社長のための「コラム&NEWS」
大久保一彦の“流行る”お店の仕組みづくり

57軒目 宣伝を使わず小商圏で生きる道


酒菜いとう
(福岡県)


 道具は使いようで、フェイスブックはとても便利なツールだ。何が便利かというと、同じ想いを伝えたり、共有したりするのにすばらしい。同じ価値感を共有するエンゲージメントの輪も広がる。
 そんなフェイスブックのつながりから知り合った店を今日は紹介しよう。
 
 私は以前とある学校で、フードコーディネーターの資格講座のカリキュラム編成や運営をお手伝いし、大成功に導いたことがある。
 その講座で、築地場内で「倉田商店」という卸を営む倉田さんと知り合った。飲食店も運営する倉田さんとはもう長いつきありになる。その倉田さんとフェイスブックの友達にもなった。

 ある日、倉田さんフェイスブックのウォールに対馬の漁師の細井さんとやりとりをしているのを発見し、早速友達になった。細井さんのウォールにはリアルタイムの漁の状況が書き込まれていて面白かった。
 また、細井さんのウォールで、取引先の飲食店がとてもおいしそうな料理を作っている店を発見した。その店が気になり、奥様とお友達になった。

 それが今回紹介させていただく「酒菜いとう」である。


 その後、伊藤さんの友達が、何度か「酒菜いとう」の料理などを書き込みしており、「この店で食事したいなぁ」と思いがつのっていた。そんな矢先に偶然、福岡のダイニングから訪問指導の依頼が入った。
 早速、フェイスブックで伊藤さんに予約のメッセージを入れた。
 
 店は博多駅から車で10分くらいの西鉄高宮である。高宮駅は観光客は多分こないローカル駅。
 
 「酒菜いとう」の外観は、ベタな居酒屋だ。しかし、凛としている。居ぬきの物件を使ったということだが、敷居をさげ、どこか気軽でいい。
 
 店内に入ると居酒屋らしくカウンターがあり、若夫婦が店を切り盛りしている。
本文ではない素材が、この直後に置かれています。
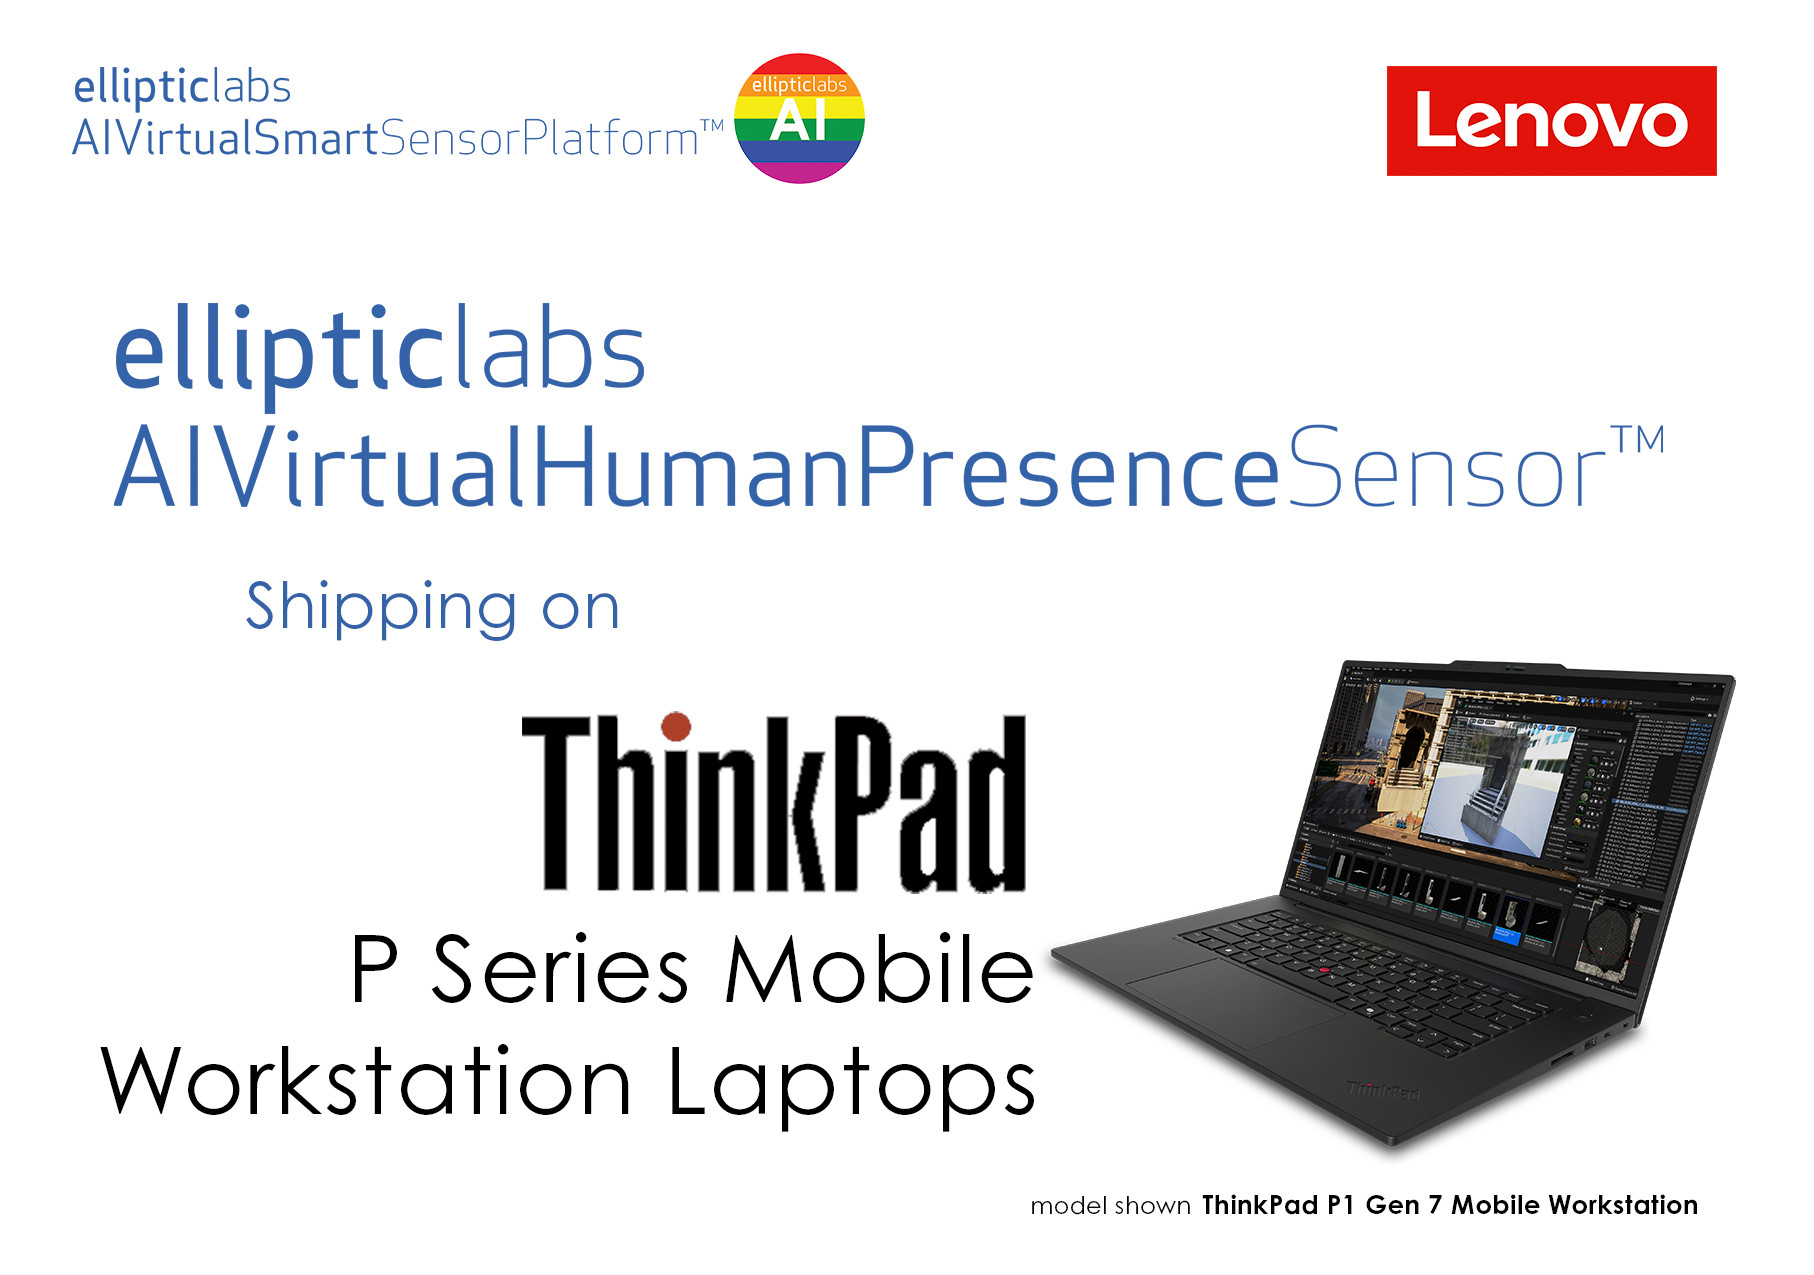 Elliptic Labs Shipping Its AI Software Platform on Lenovo’s Newest ThinkPad™ P Series Workstation Laptops

カウンターの上には手書きのメニューとスタンド式のメニューがある。手書きメニューを見ると、居酒屋メニューがずらりとある。
 しかし、どこかおかしい。なぜなら、となりの常連らしきおじさんがロゼワインを飲んでいるのだ。

 私は、漁師の細井さんの穴子を食べたくて、リクエストしてあった。まずは刺身と穴子を煮穴子、焼き穴子、天ぷらで堪能することにした。


 
 食事をしながら、スタンドメニューを熟読すると、なんとイタリアンのメニューがある。
「ああ、横のおじさんはこれだったのか!」
 
 奥様が「何か追加しましょうか?」と問うので、「洋食メニューが多いんですね、おすすめは何ですか?」
 「当店の人気はアクアパッツァなんです。イサキがありますがいかがですか?」
 
 次に福岡に来るのがいつかはわからないので、もちろん、「Yes, Please!」
 
 よく話をすると、伊藤さんは北イタリアのへんで修業したイタリアンの料理人だそうだ。しかし、この地高宮で飲食店を成立させるには、イタリアンは難しいということで、入り口としてベタに居酒屋をやったとのこと。
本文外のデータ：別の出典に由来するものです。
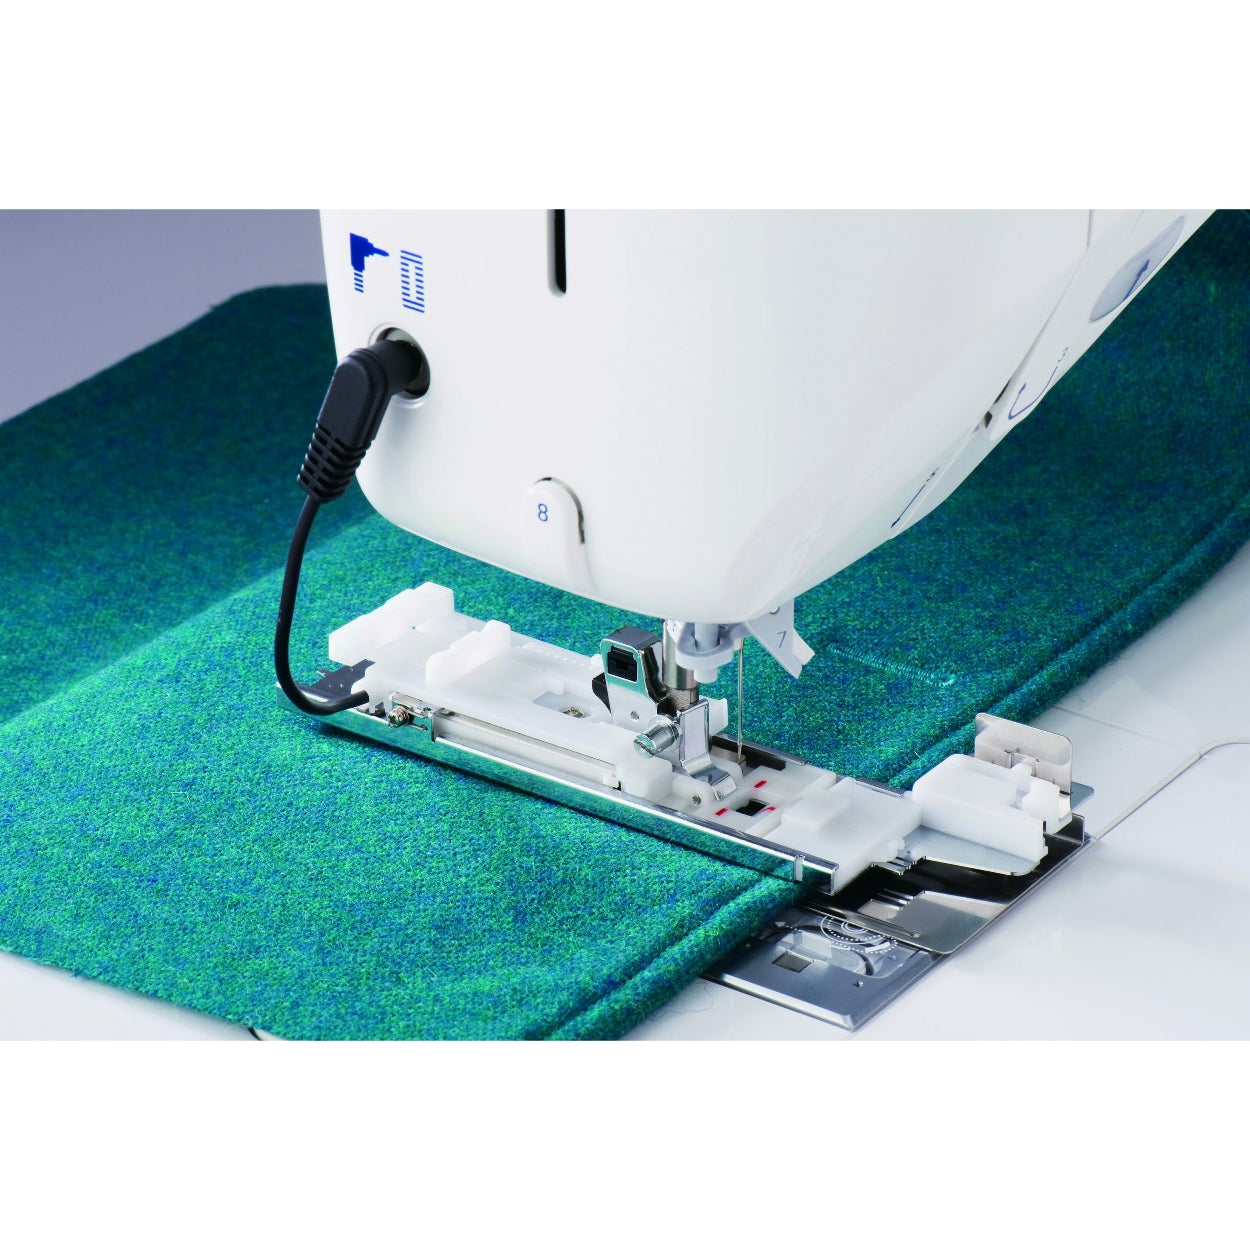 Juki UX8 Sewing Machine from Jaycotts Sewing Supplies

 ふらっと入ったお客様を居酒屋の定番でつかみ、私のようにさりげなくあるスタンドメニューを見て「おや?」と気づいた食通をつかむ。それがうまいし、光っている。その後、面白いから人に言う、フェイスブックに投稿する。その連鎖が広告に頼らずに繁盛に導くやりかたの模様。
 料理がしっかりしていることは条件になるが、足元を固めて二次商圏に広げていく、小商圏のやりかたと感心した次第である。
 

 鍋で焼いていたアクアパッツァが焼きあがった。〆はその汁で手打ちパスタを楽しんだ。
 ロゼワインが似合う、東京にもない素晴らしい居酒屋である。
 

 ちなみに、伊藤さんの修業時代の友人が、あの伝説の店「ダル・ペスカトーレ!」で10年以上スーシェフをしていた村山さんのようで、その村山さんが経営する目黒にある「ラッセ」を紹介いただいた。
 フェイスブック恐るべし!
 
 
酒菜いとう
福岡県福岡市南区野間1-10-7 野間リッチハイツ 1F
電話 092-553-6566

(→食べログ内ページ)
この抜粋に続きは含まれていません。